Thread: AW: Re: [BUGS] Turkish locale bug

AW: Re: [BUGS] Turkish locale bug

From
Zeugswetter Andreas SB
Date:
> > Anyway, your proposal is just fine since we haven't decoupled these
> > things farther back in the server. But eventually we should hope to have
> > SQL_ASCII and other character sets enforced in context.
> 
> Now I'm confused.  Are you saying that we *should* treat identifier case
> under ASCII rules only?  That seems like a step backwards to me, but
> then I don't use any non-US locale myself...

I think we need to treat anything that is not quoted as US_ASCII,
iirc this is how Informix behaves. Users wanting locale aware identifiers
would need to double quote those, thus avoiding non ASCII case conversions
alltogether.

Andreas


Re: AW: Re: [BUGS] Turkish locale bug

From
Tom Lane
Date:
Zeugswetter Andreas SB  <ZeugswetterA@wien.spardat.at> writes:
>> Now I'm confused.  Are you saying that we *should* treat identifier case
>> under ASCII rules only?  That seems like a step backwards to me, but
>> then I don't use any non-US locale myself...

> I think we need to treat anything that is not quoted as US_ASCII,
> iirc this is how Informix behaves.

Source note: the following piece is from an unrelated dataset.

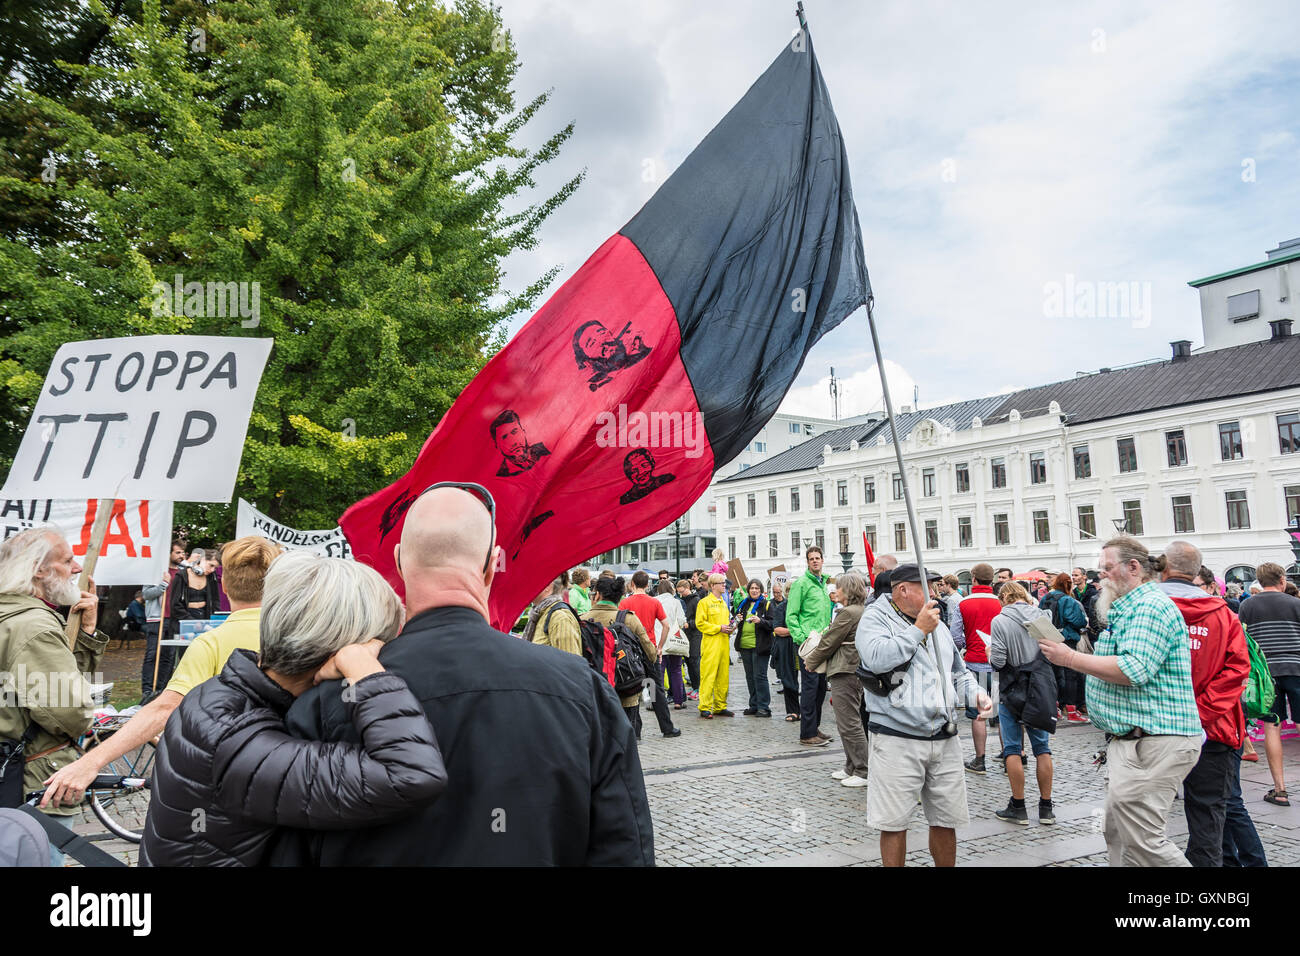 Malmö, Sweden, 17th September, 2016. Demonstrations over the world against the proposed free trade aggrements TTIP and CETA. Tommy Lindholm/Alamy Live News Stock Photo

Users wanting locale aware identifiers
> would need to double quote those, thus avoiding non ASCII case conversions
> alltogether.

I dug into the SQL99 spec, and I find it appears to have different rules
for identifier folding than for keyword recognition.  Section 5.2 syntax
rules 1-12 make it perfectly clear that they have an expansive idea of
what characters are allowed in identifiers (most of Unicode, it looks
like ;-)).  They also define the case-normalized form of an identifier
in terms of Unicode case translations (rule 21).  But they then say
       28) For the purposes of identifying <key word>s, any <simple Latin           lower case letter> contained in a
candidate<key word> shall           be effectively treated as the corresponding <simple Latin upper           case
letter>.

It appears to me that to implement the SQL99 rules correctly in a non-C
locale, we need to do casefolding twice.  First, casefold only 'A'..'Z'
and test to see if we have a keyword.  If not, do the casefolding again
using isupper/tolower to produce the normalized form of the identifier.

This would solve Sezai's problem without adding a special case for
Turkish, and it doesn't seem unreasonably slow.  Anyone object to it?
        regards, tom lane